Граждане Флоренции, со своей стороны, были подавлены своевольным назначением Франциска и выказывали всяческое нерасположение к австрийским военным, презрительно именуя их не иначе как «лотарингцами». Новые военные заметно отличались от тактичных испанцев и вскоре начали активно вмешиваться в жизнь города, вытесняя флорентийцев с влиятельных административных постов. Символическая оккупация утратила свой формальный характер и начала вызывать все большее неудовольствие местных жителей. Посетивший Флоренцию в 1739 году французский ученый Шарль де Боссе отмечает: «Тосканцы отдали бы две трети своих богатств за возвращение Медичи, а оставшуюся треть — за удаление лотарингцев.

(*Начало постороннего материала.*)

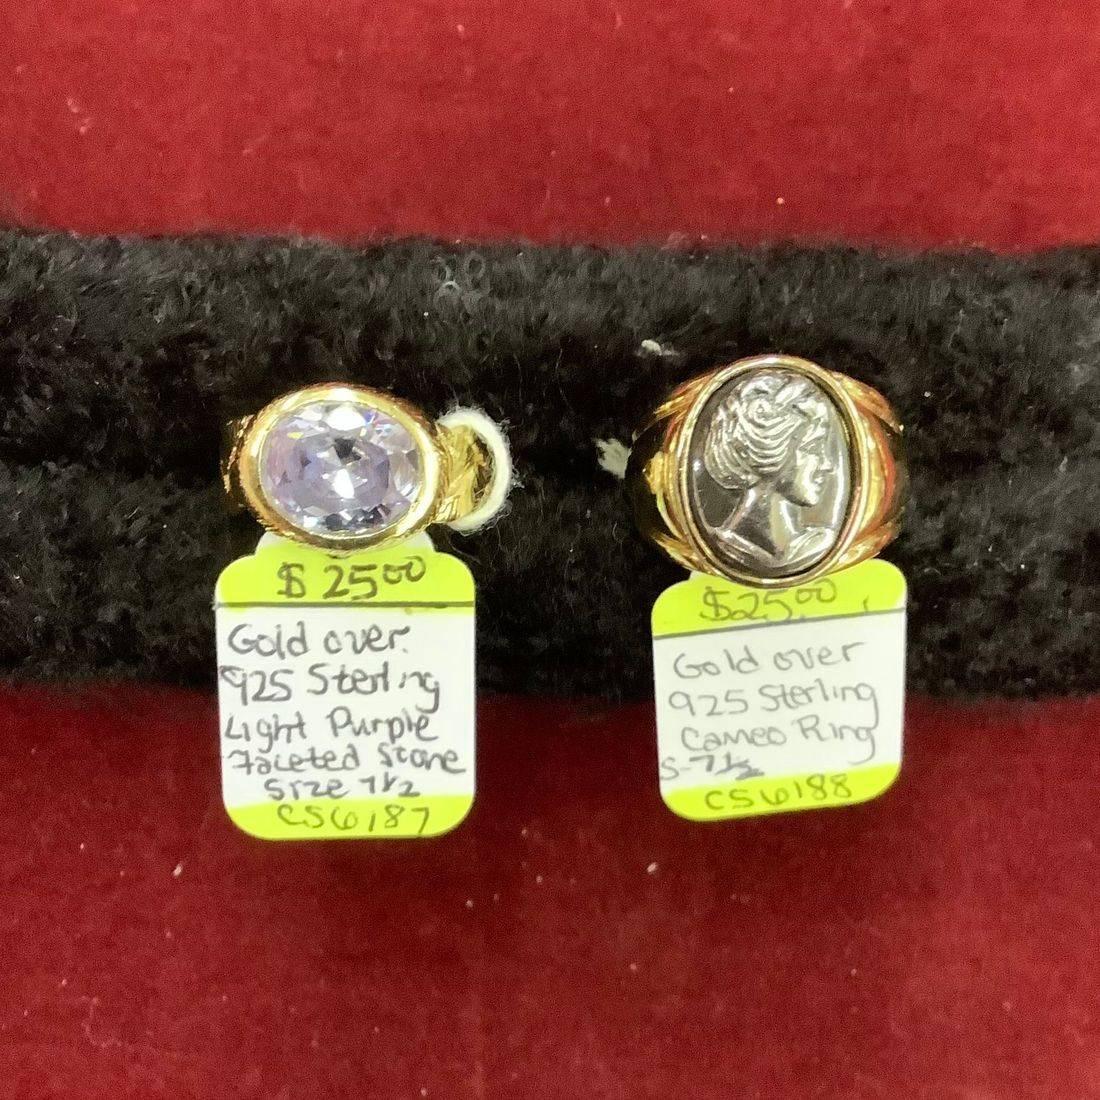 Gold over Sterling Light Purple Faceted Gem Stone size 7-1/2 Ring $25 , Gold over Sterling Cameo size 7-1/2 Ring $25

Они ненавидят их». Публичные торжества, какими встречали некогда Медичи, подверглись запрету. Это был удар по всему, чем так дорожили флорентийцы, — по их уникальной истории, завоеваниям, традициям. Раньше этими общественными празднествами отмечали день рождения Козимо Pater Patriae, восхождение Джулио де Медичи на папский престол в качестве Климента VII, избрание синьорией Козимо I первым великим герцогом Тосканы. Австрийский военный отряд закрепился в Фортецца да Бассо, артиллерия, защищавшая Флоренцию, была передислоцирована к зубчатым стенам, окружающим город.
Жан Гастон был теперь едва ли не единственным представителем рода Медичи. Его невестка принцесса Виоланта умерла, правда, здравствовала еще проживающая в палаццо Питти старшая сестра курфюрстина Анна Мария Луиза. Ей сейчас было далеко за семьдесят: престарелая дама, защищающая достоинство семьи. Невзирая на запрет Жана Гастона, она приходила к нему в апартаменты и энергично наставляла немощного великого герцога на путь истинный. Жан Гастон умирал долго и медленно, но никто (в том числе и он сам) не сомневался, что он действительно умирает. В конце концов Анне Марии Луизе удалось привести брата в лоно веры, которую он отвергал на протяжении всей жизни. Ослабевшими руками великий герцог поднял к посеревшему, с клочковатой бородой лицу распятие и прошептал: «Sic transit gloria mundi» («Так проходит слава мира»). 9 июля 1737 года, после тринадцати лет постыдного царствования, он умер. У него была возможность оставить Тоскану в лучшем состоянии, нежели он нашел ее после многолетней тирании Козимо III, но его полное — во всех смыслах — бессилие привело к тому, что великое герцогство утратило свою независимость. Так ушел из жизни последний правитель Флоренции из рода Медичи.